A microwave radiometer (MWR) is a passive remote sensing instrument with multiple frequency channels. It obtains a vertical distribution of atmospheric temperature and relative humidity using the V (50–60 GHz) and K (20–30 GHz) bands from the surface to an altitude of 10 km. In recent years, MWRs have achieved excellent performance when measuring atmospheric parameters, especially temperature and precipitable water vapor [6,7,8].
The retrieval of the temperature and relative humidity profile is an ill-posed problem. Various retrieval methods have been proposed, including physical algorithms, linear regression retrieval methods, neural network (NN) methods and one-dimensional variational (1D-VAR) methods [9,10]. Currently, most MWR instruments use the back-propagation neural network (BPNN) algorithm to retrieve atmospheric temperature and water vapor profiles [11]. However, in some regions, there are not enough historical atmospheric datasets or the quality of the datasets does not satisfy the neural network training requirements. Expanding the sample set by adding data from other sensors is one approach to solve these issues [12]
The one-dimensional variational method is a optimal estimation method that combines a precise forward atmosphere transport model with a priori information.
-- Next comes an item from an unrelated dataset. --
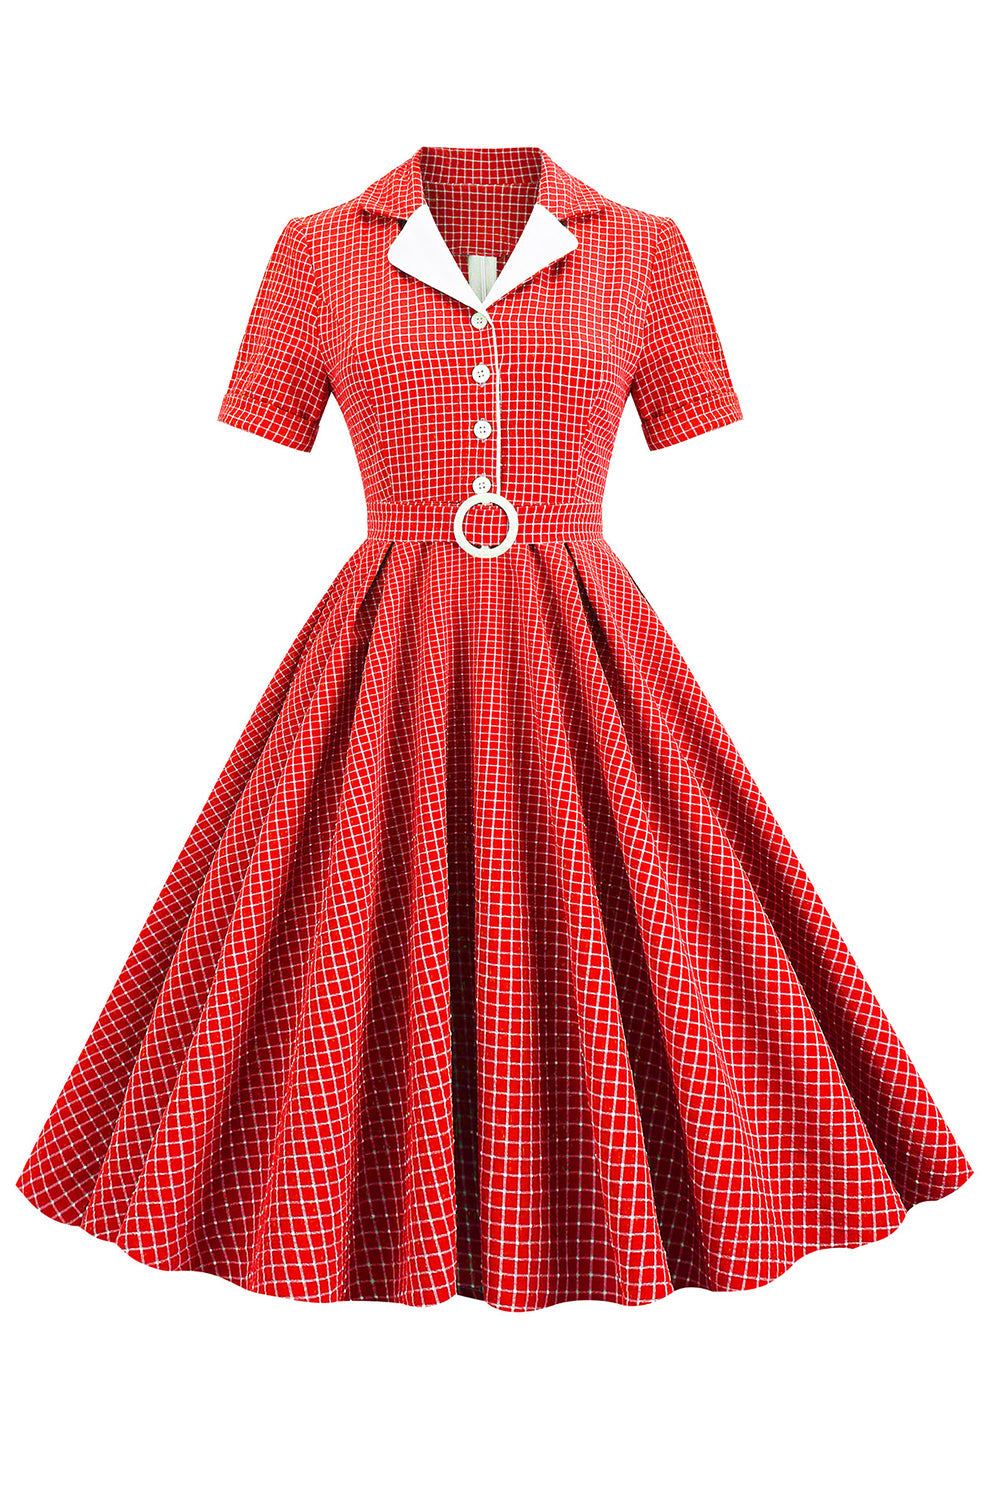 Zapaka Kvinder Rød Retro Kjole Stil 1950'erne Kjole med korte ærmer – ZAPAKA DA

Several studies have shown that 1D-VAR methods achieve good performance in the retrieval of atmospheric parameters [9,13,14,15,16]. Clive D. Rodgers introduced the basic principles of BPNN and 1D-VAR retrieval methods in detail and compared the two retrieval methods, elaborating on their advantages and limitations [17].
Recent research has investigated the integration of BPNN algorithms with MWR systems [18]. However, the efficacy of this approach continues to be bounded by constraints related to dataset dimensions and quality. In the absence of viable NN methods, an improved 1D-VAR method is introduced with an innovative iteration factor, which significantly improves the convergence efficiency of the algorithm. By incorporating this iteration factor, the method optimizes the iterative process, potentially leading to more accurate and computationally efficient retrievals of atmospheric temperature profiles from MWR observations. Cloud-induced scattering elevates retrieval errors under overcast conditions, with additional uncertainty arising from variations in cloud layer thickness. Therefore, our analysis focuses on clear-sky conditions [19].
This paper is organized as follows. The MWR and dataset used in this study are introduced in Section 2. the basic concept of the 1D-VAR retrieval method is presented in Section 3. Section 4 introduces the experimental setup. The results of the 1D-VAR retrieval method are described in Section 5. Section 6 provides a brief summary and conclusion.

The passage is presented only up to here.